Try it> Transcribe the listing in full, word for word; pictures do not belong in the copy.
=== Data below ===
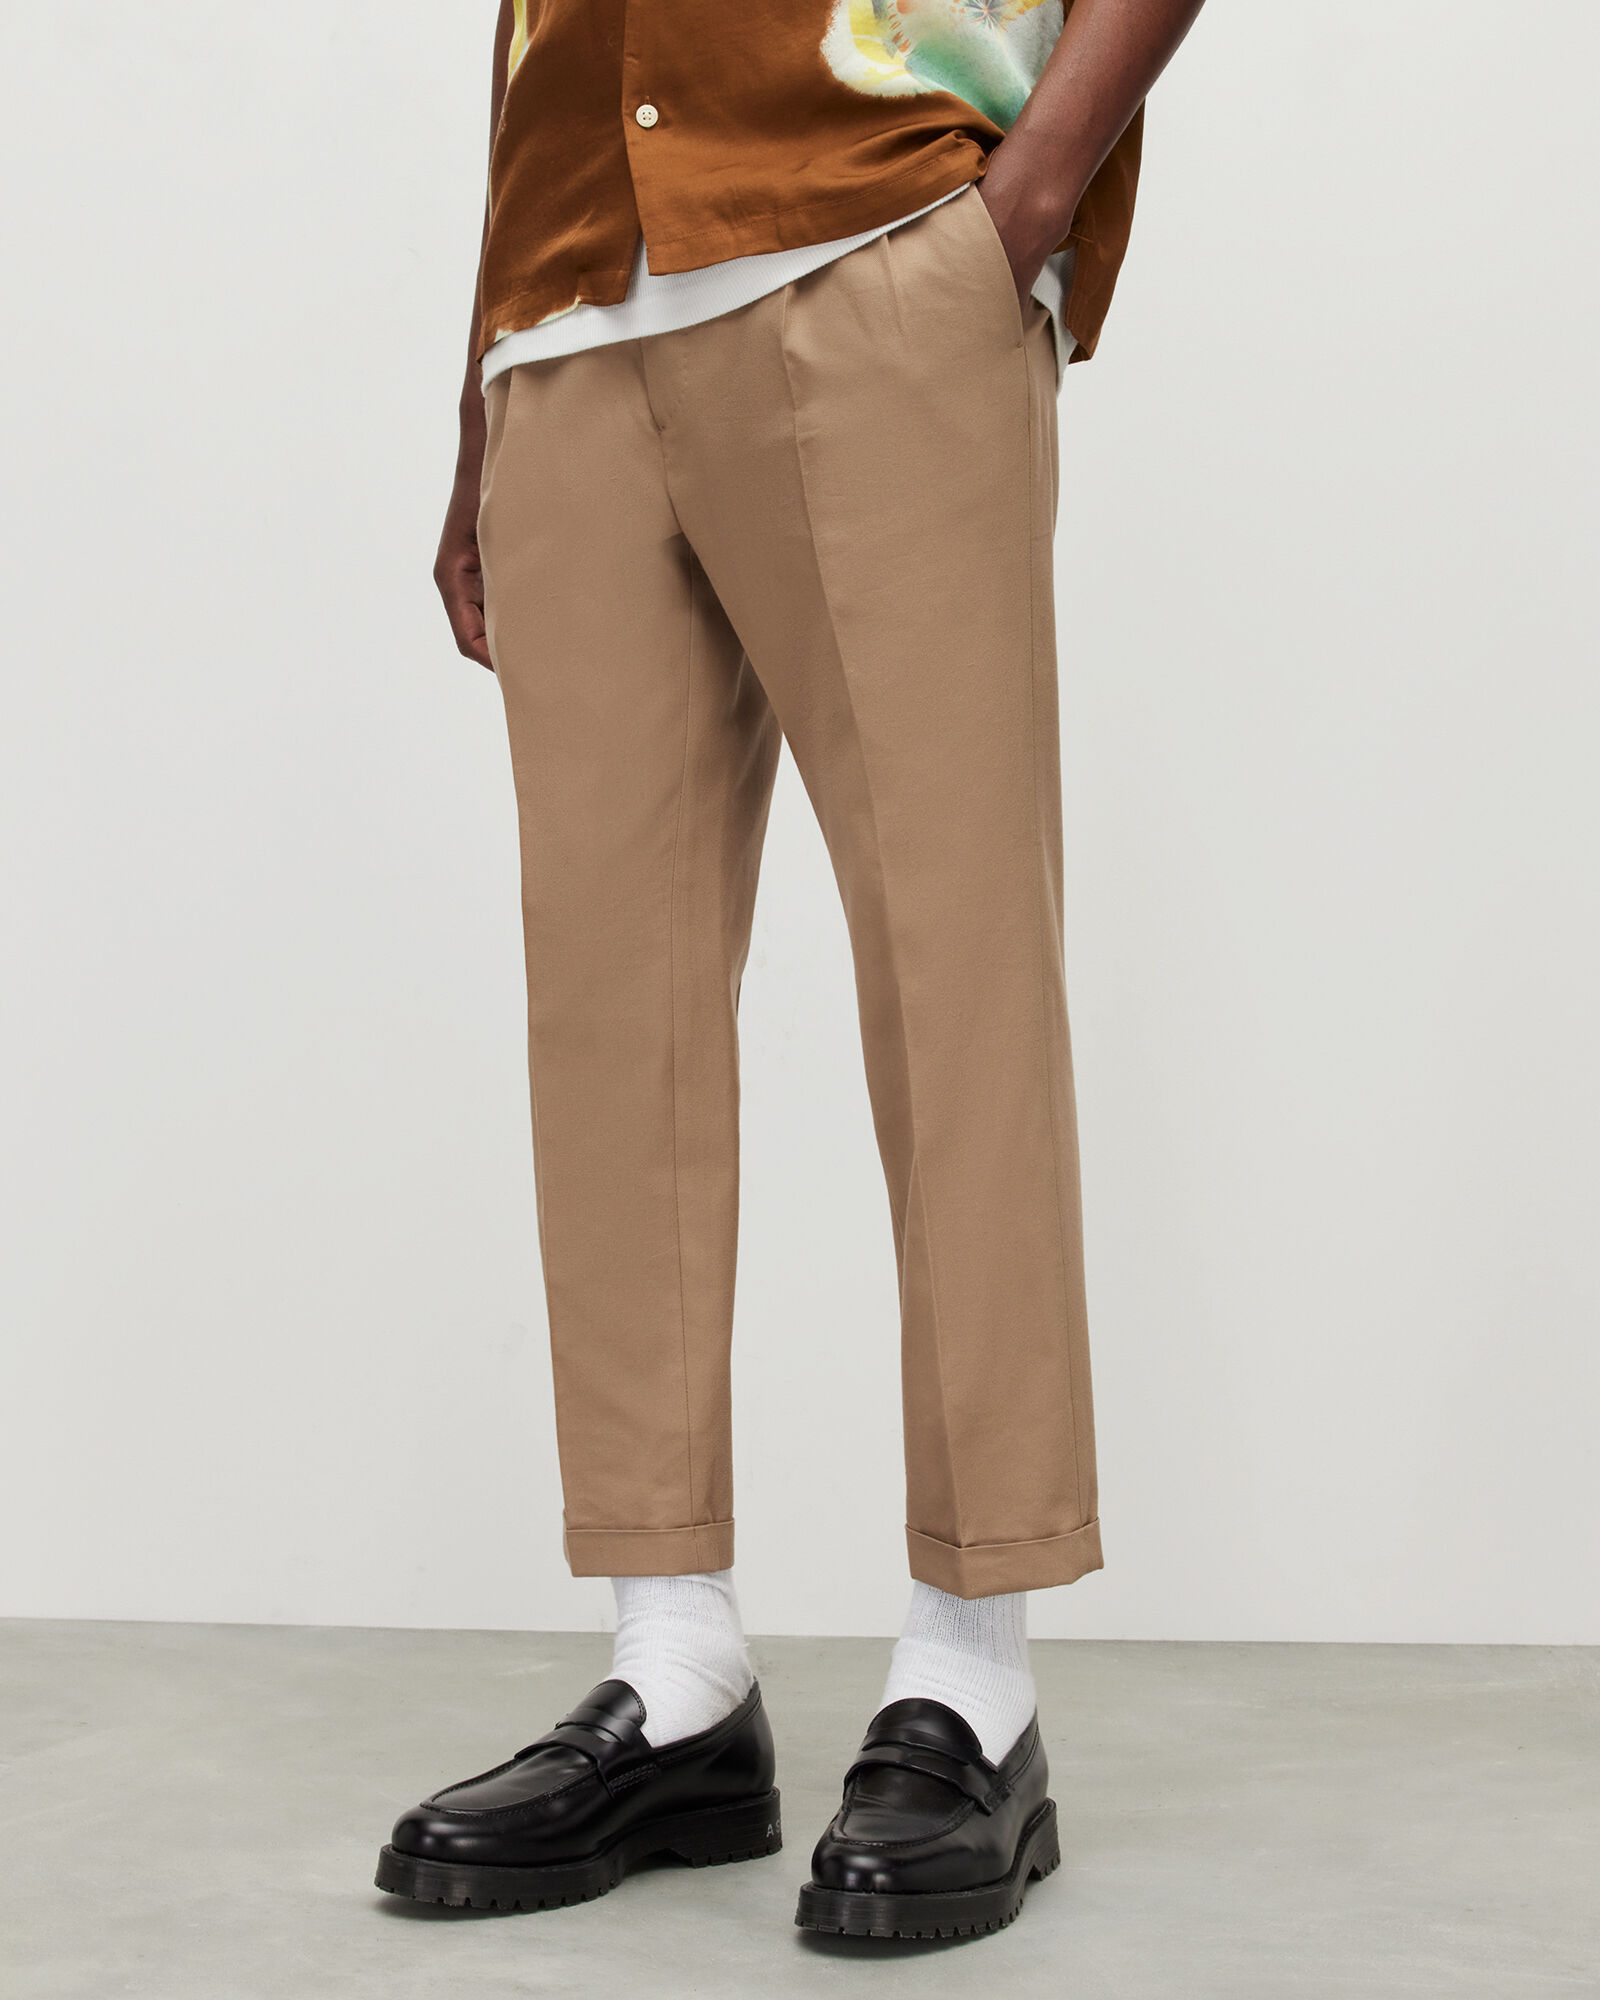 Mens Trousers  Mens Chinos  Trousers  ALLSAINTS
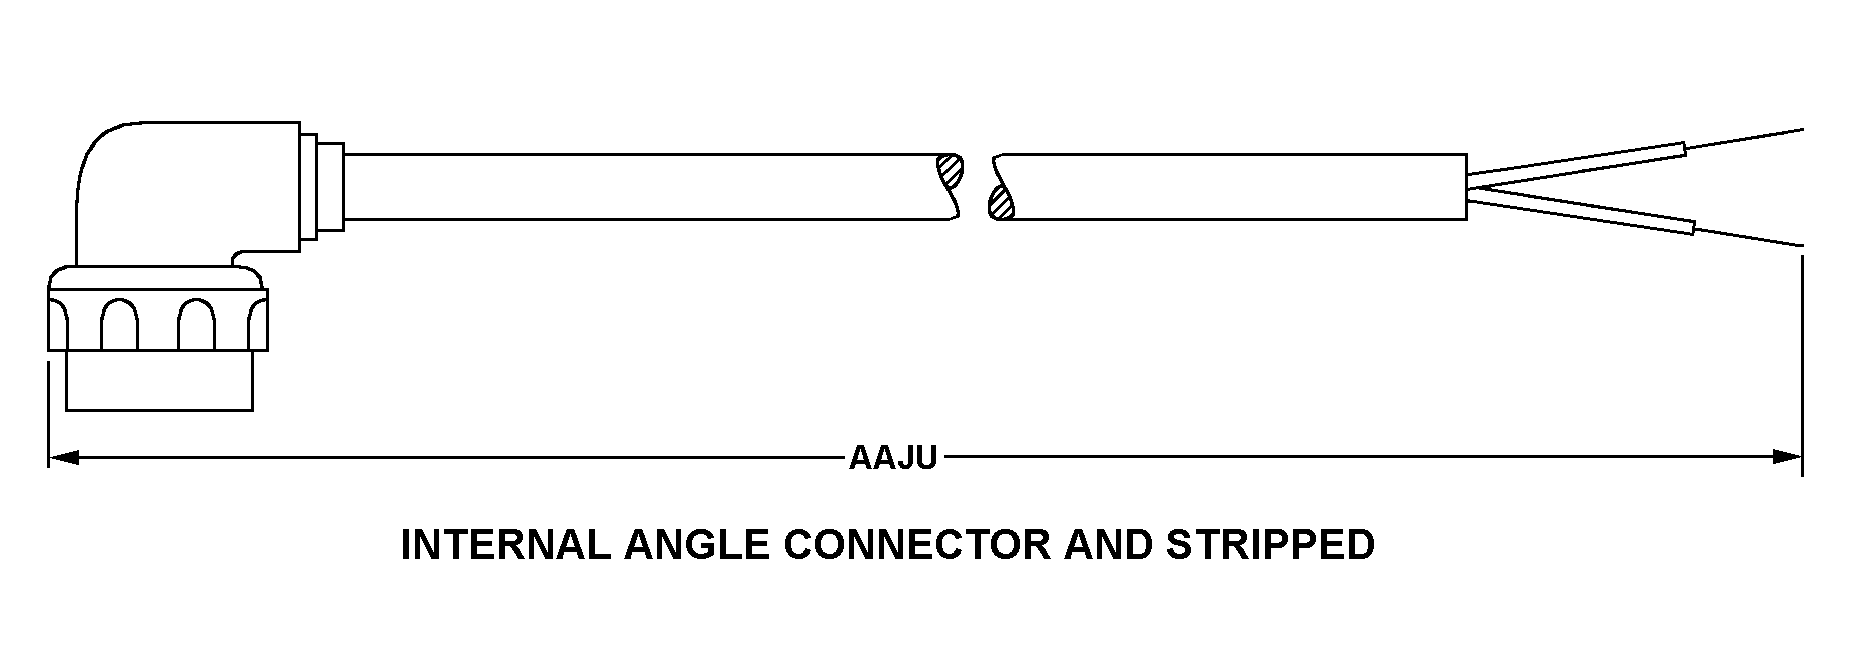 INTERNAL ANGLE CONNECTOR AND STRIPPED style nsn 5995-01-302-7485
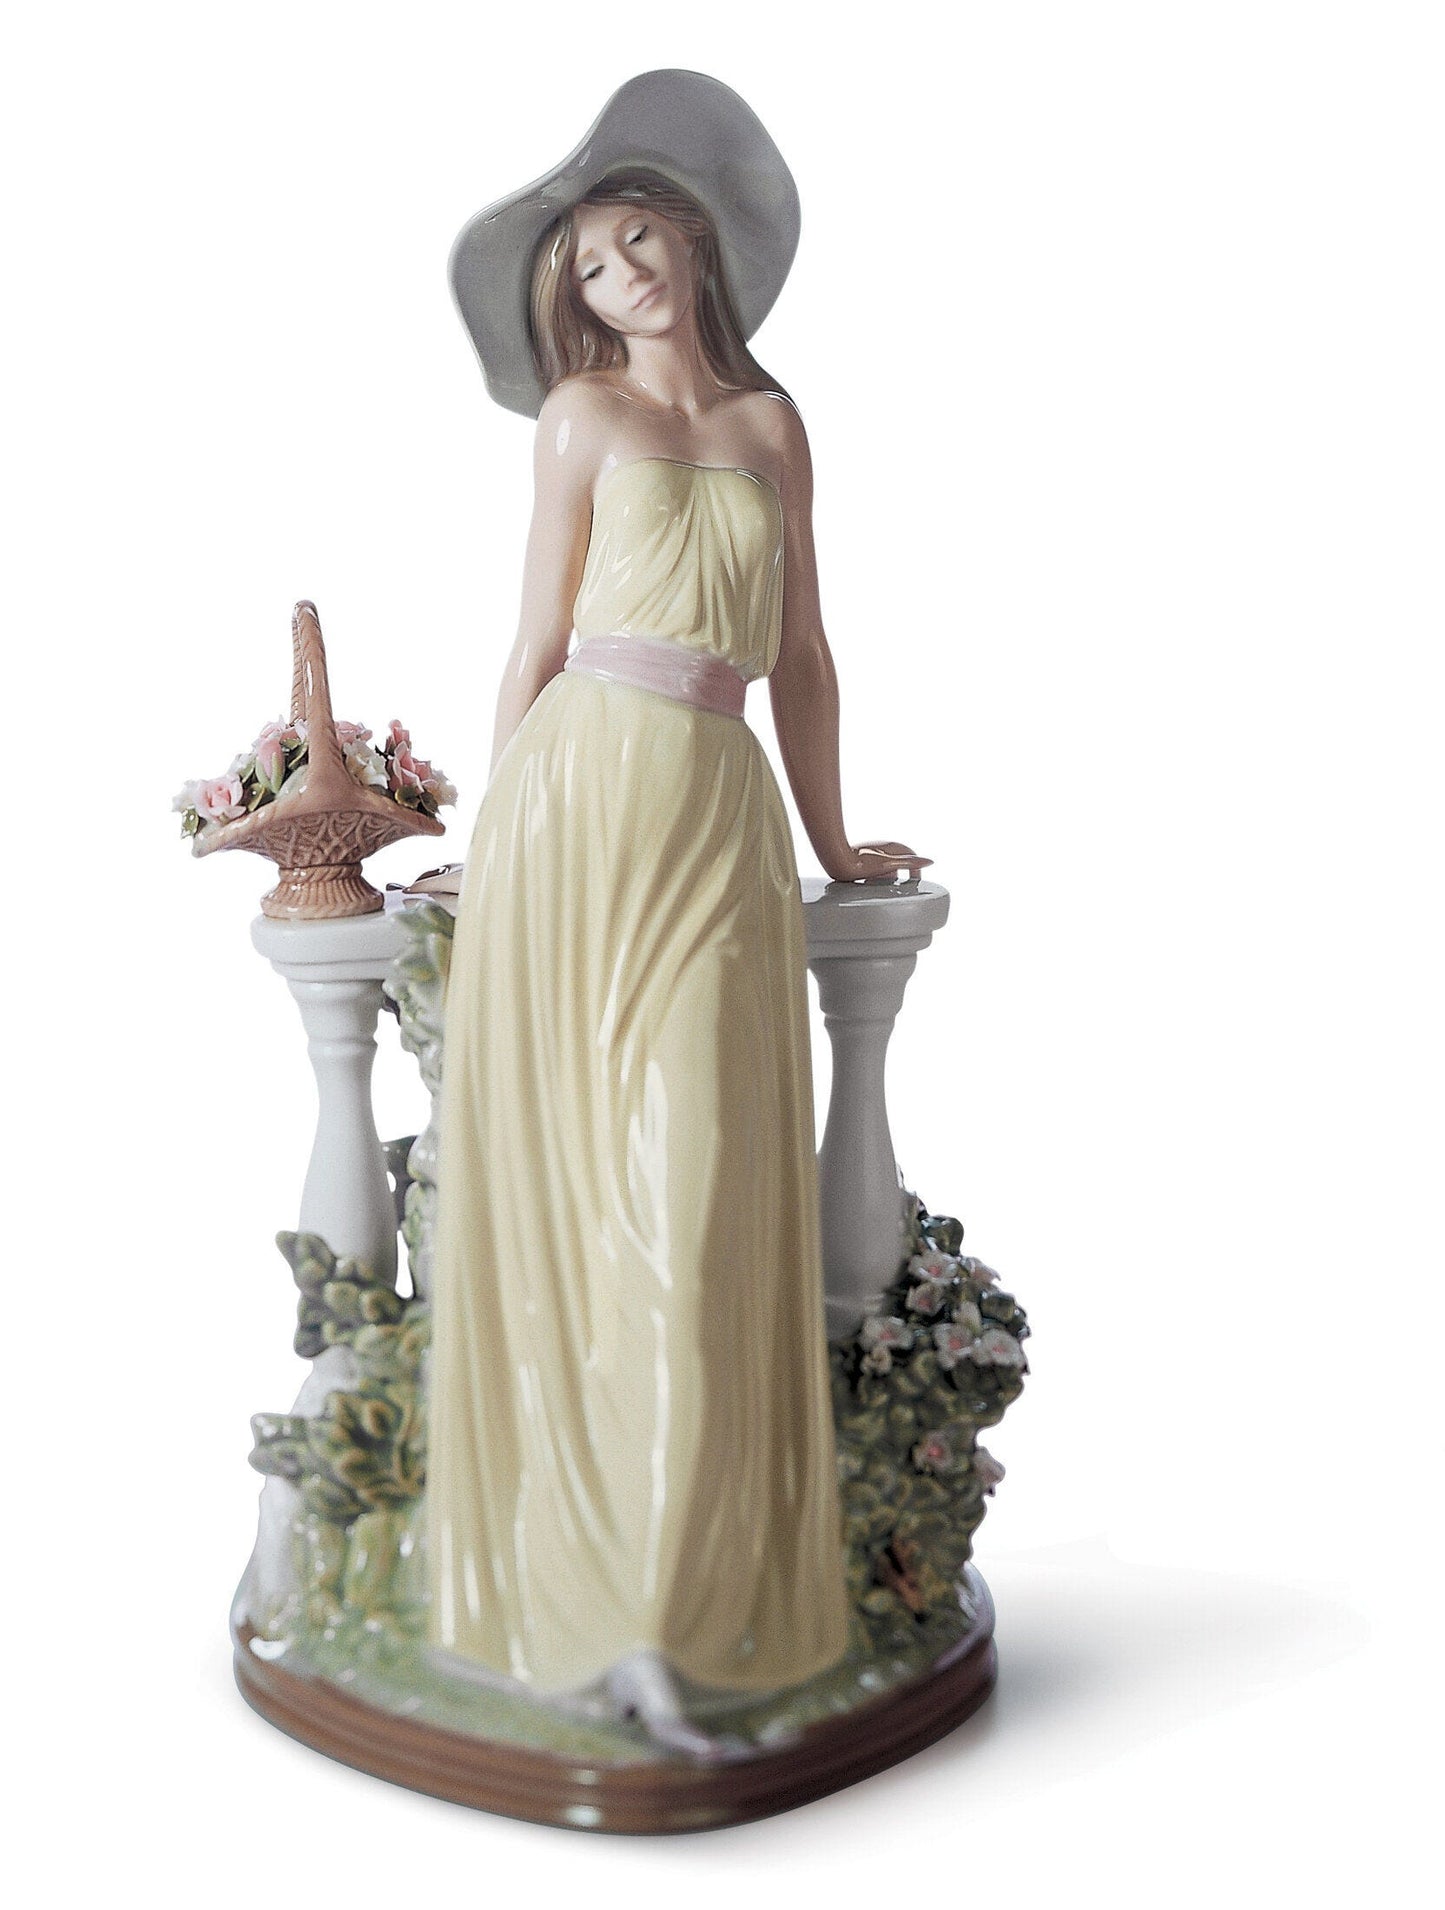 Time for Reflection Woman Figurine - FormFluent
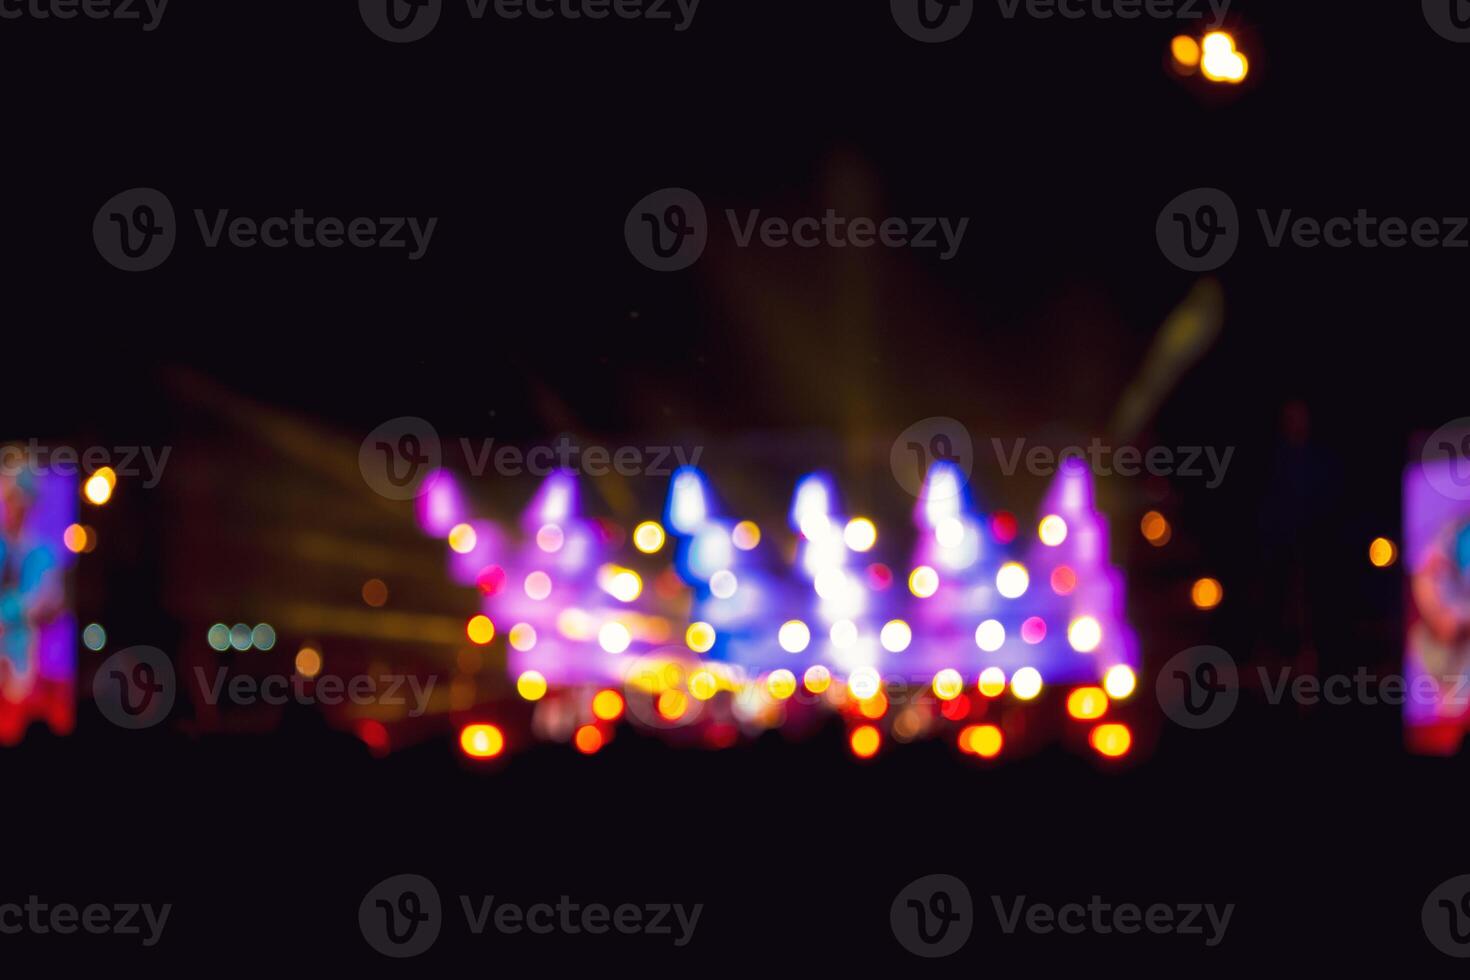 Background image with defocused blurred stage lights photo
===
Exercise solution>
 Mens Trousers  Mens Chinos  Trousers  ALLSAINTS
 INTERNAL ANGLE CONNECTOR AND STRIPPED style nsn 5995-01-302-7485
 Time for Reflection Woman Figurine - FormFluent
 Background image with defocused blurred stage lights photo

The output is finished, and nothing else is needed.